7. The appellant have relied upon decisions reported in 1994 (71) ELT 522 and 1994 (71) ELT 608 while in the first case the appellants i.e. Rajasthan Explosives and Chemicals Ltd. had initially availed modvat credit and subsequently, the question of taking credit of additional duty paid arose. Such is not the case at hand. In this case no duty credit was originally taken. In the second case relied upon i.e. HCL Ltd. v. CCE (1994(71) ELT 508T) the facts and circumstances were entirely different. Rule 57E was not at all in question in that case. Moreover, while the Hon'ble Tribunal has allowed modvat credit after a period of 10 months, it is now settled law that even when there was no time limit prescribed in the modvat rules for taking credit, the period of six months in the limitation period. In the instant case, the period of six months stood long lapsed. This decision also, on this ground too, doe snot come to the rescue of the appellants.
8. Finally, the appellants have also relied on the decision of the Tribunal's reported in 1996 (87) ELT 492 and 1996 (13) RLT 529. In neither of the decisions Rule 57E was under consideration or in question. Reliance can be placed only on cases having similar facts and where similar questions have been decided. Blindly relying on decisions vaguely connected to the case at hand can in no manner advance the appellant case. Hence in my view these two decisions also do not help the appellants case."
4. We have heard both sides and considered the submissions and find:
a) On 12.3.87, a declaration had been made showing impregnated, coated, covered or laminated textile fabrics, textile articles of a kind suitable for industrial use falling under Chapter 59 as inputs being used by them. We also find that Chapter 59 has been declared as an input for Rule 57A with effect from 1.3.87 to 31.3.87, for dip fabrics as inputs, received even though classified under chapter 54 if they pay duty under chapter 59 subsequently due to a classification settlement which was finalised under Chapter 59 subsequent to their receipt.
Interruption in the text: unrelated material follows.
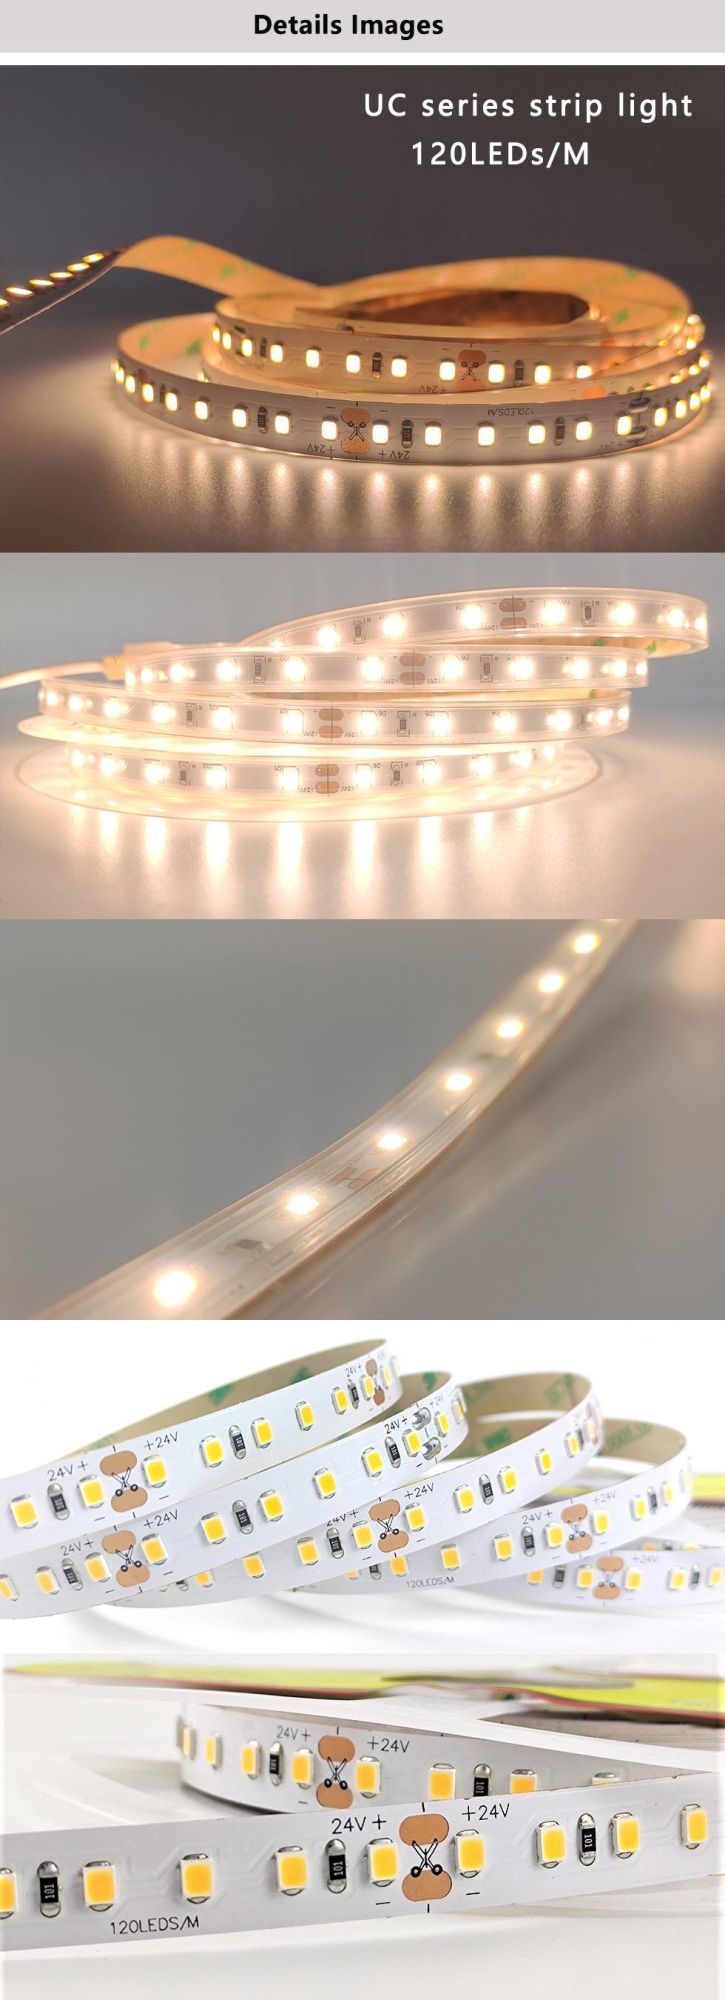 Ceiling LED Strip Light

Since the embargo of 6 months under Rule 57G was brought by an amendment subsequent to the period involved in this case and there was no time limit prescribed under Rule 57E for adjustment of credit which in this case was eligible with effect from 1.3.87. Therefore we can not uphold the reasons for rejecting the credit as arrived at by the Ld. Commissioner.
5. In view of our findings, we would therefore set aside the order and allow the appeal with consequential relief.